Further, Roubini said the U.S. economy will remain in recession through at least the end of 2009, with only a mild recovery starting in 2010 -- with GDP growth in the initial recovery year of 1%. For 2009, Roubini also forecasts continued recessions for the United Kingdom, euro zone, Japan and Canada. Russia will also fall into recession, as will Brazil, and China will experience a hard landing, with growth slowing to 5%, he said. India's economy also will slow substantially.


Soothsayer or sensationalism?


But is Roubini exaggerating the likely depth and length of the recession or is he on the mark regarding U.S. and global economic conditions? BloggingStocks asked two economists, David H. Wang and Peter Dawson, to evaluate Dr.

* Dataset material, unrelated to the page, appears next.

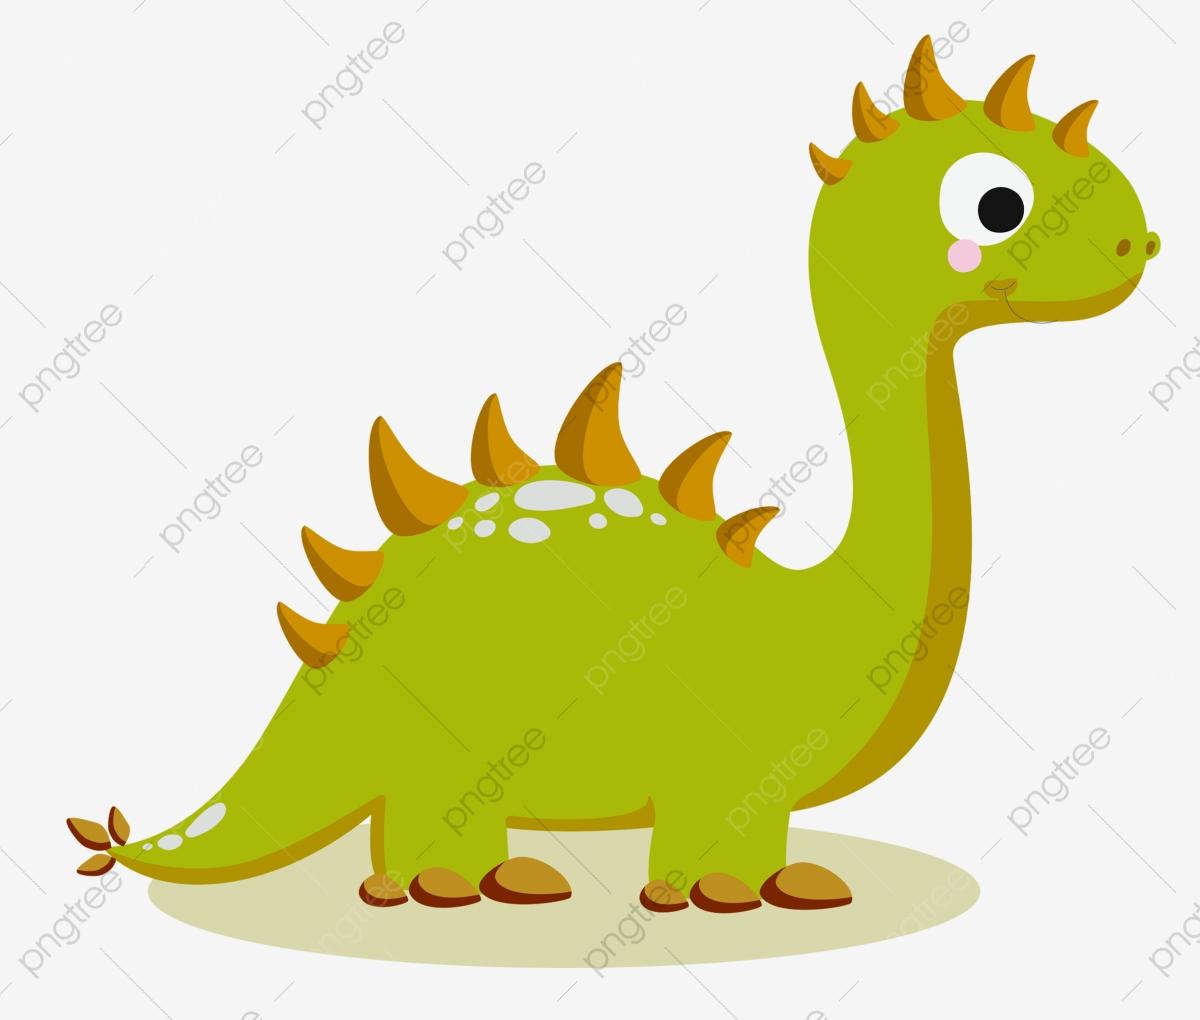 Ovos De Dinossauro, Jurassic, Desenho Dinossauro, Sempre Vivo.
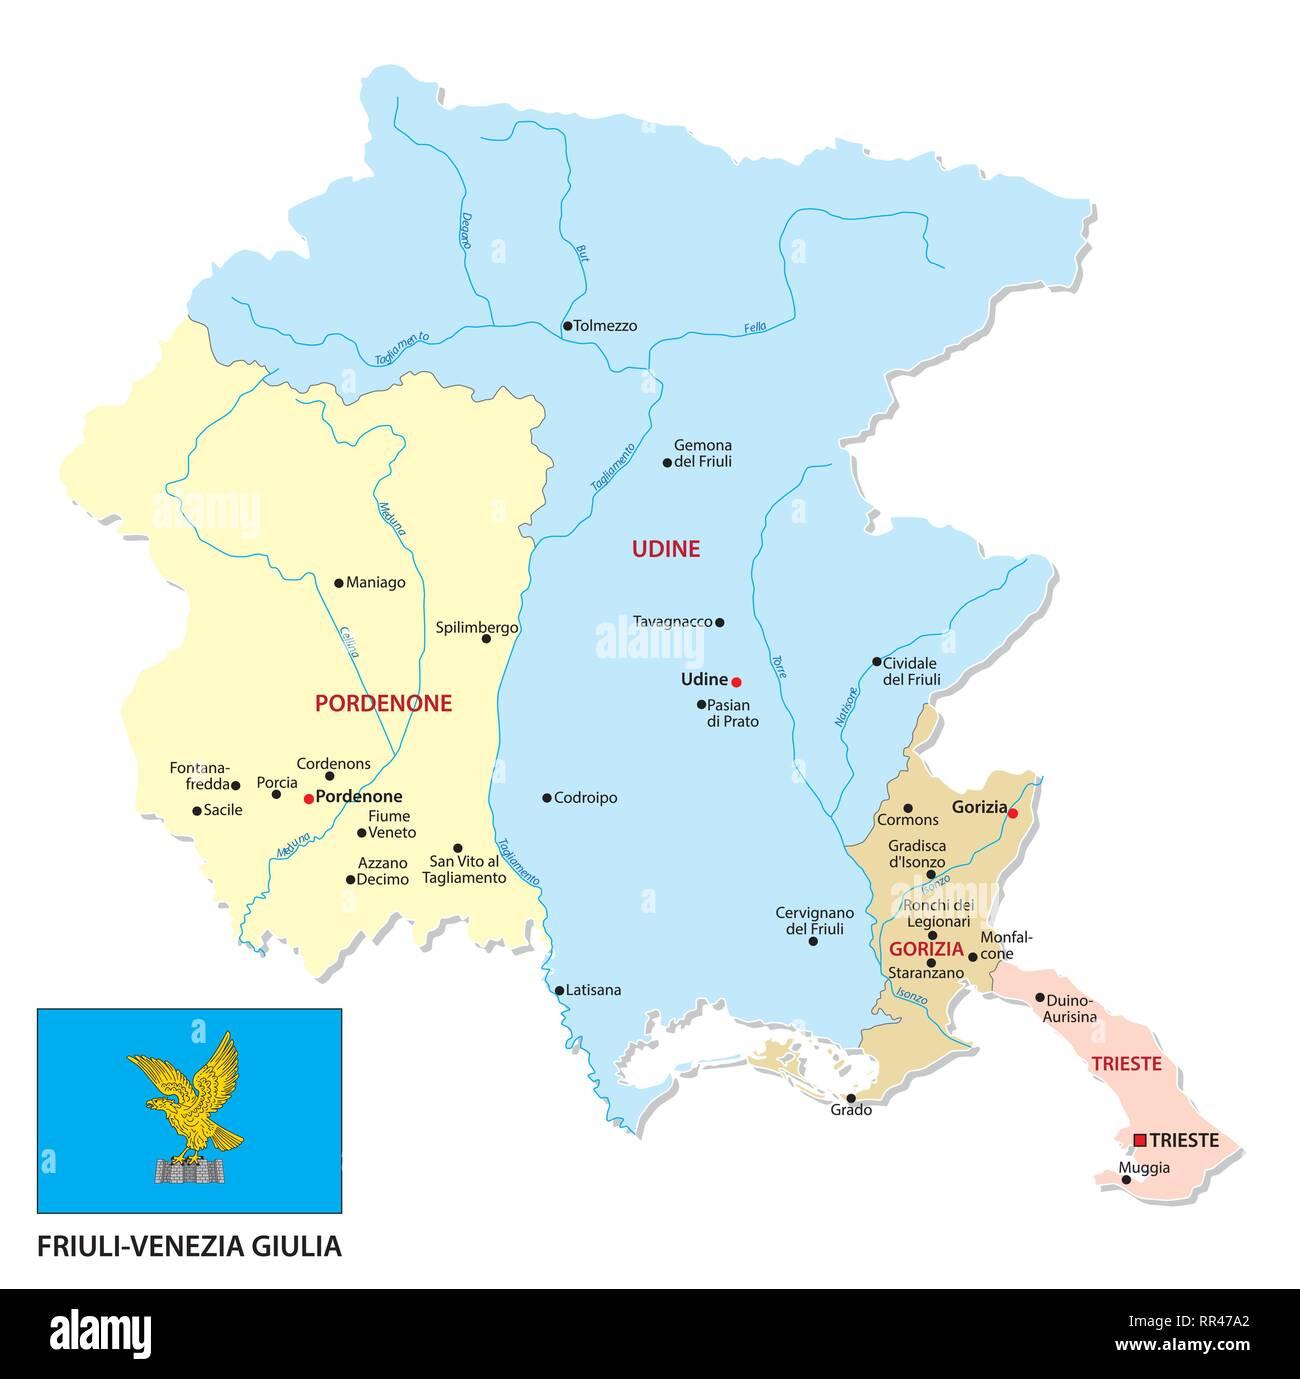 friuli venezia giulia administrative and political map with flag - Stock Image

Doom's latest analysis.

Wang said Roubini's analysis has been more-accurate than most economists' he's surveyed. "Roubini's projections about China's economy have been more accurate than my own, and I follow China's economy closely," Wang said. "I did not project nor see the degree to which a slowdown in U.S. imports would slow China's economy."

Dawson said Roubini saw, from a theoretical standpoint, the danger that reckless and destructive leverage posed for the financial system and the global economy before others did.

"A majority of the analysis a year ago was talking about the problem of excess leverage in housing, but Roubini was talking about the abuse of leverage in housing [mortgages], hedge funds [trading], commodities [trading], and private equity [deals driven by fees and the availability of money, not operational metrics] years before anyone else was. The bursting of the housing bubble triggered the financial crisis, but it's been excesses of leverage and debt system-wide that has led to the conditions we face today. So Roubini has been on the mark."

Grading the predictor

On a prediction accuracy scale of 1 to 10 (1 being least, 10 being most or metaphysical certitude), Wang gives Roubini an 8.5; Dawson gives Roubini a 9.

And like Roubini, Wang and Dawson also favor a large U.S. fiscal stimulus package, upwards of $850 billion, along with much more quantitative easing by the Fed, to jump-start demand and get the U.S. economy moving again.

Economic Analysis: Here's hoping Roubini, Wang and Dawson are all wrong. San Francisco Federal Reserve Bank President Janet Yellen doesn't think so: she said this will not be a garden-variety recession. Bottom line: Get the fiscal stimulus package passed and signed into law ASAP, after the inauguration of the new president.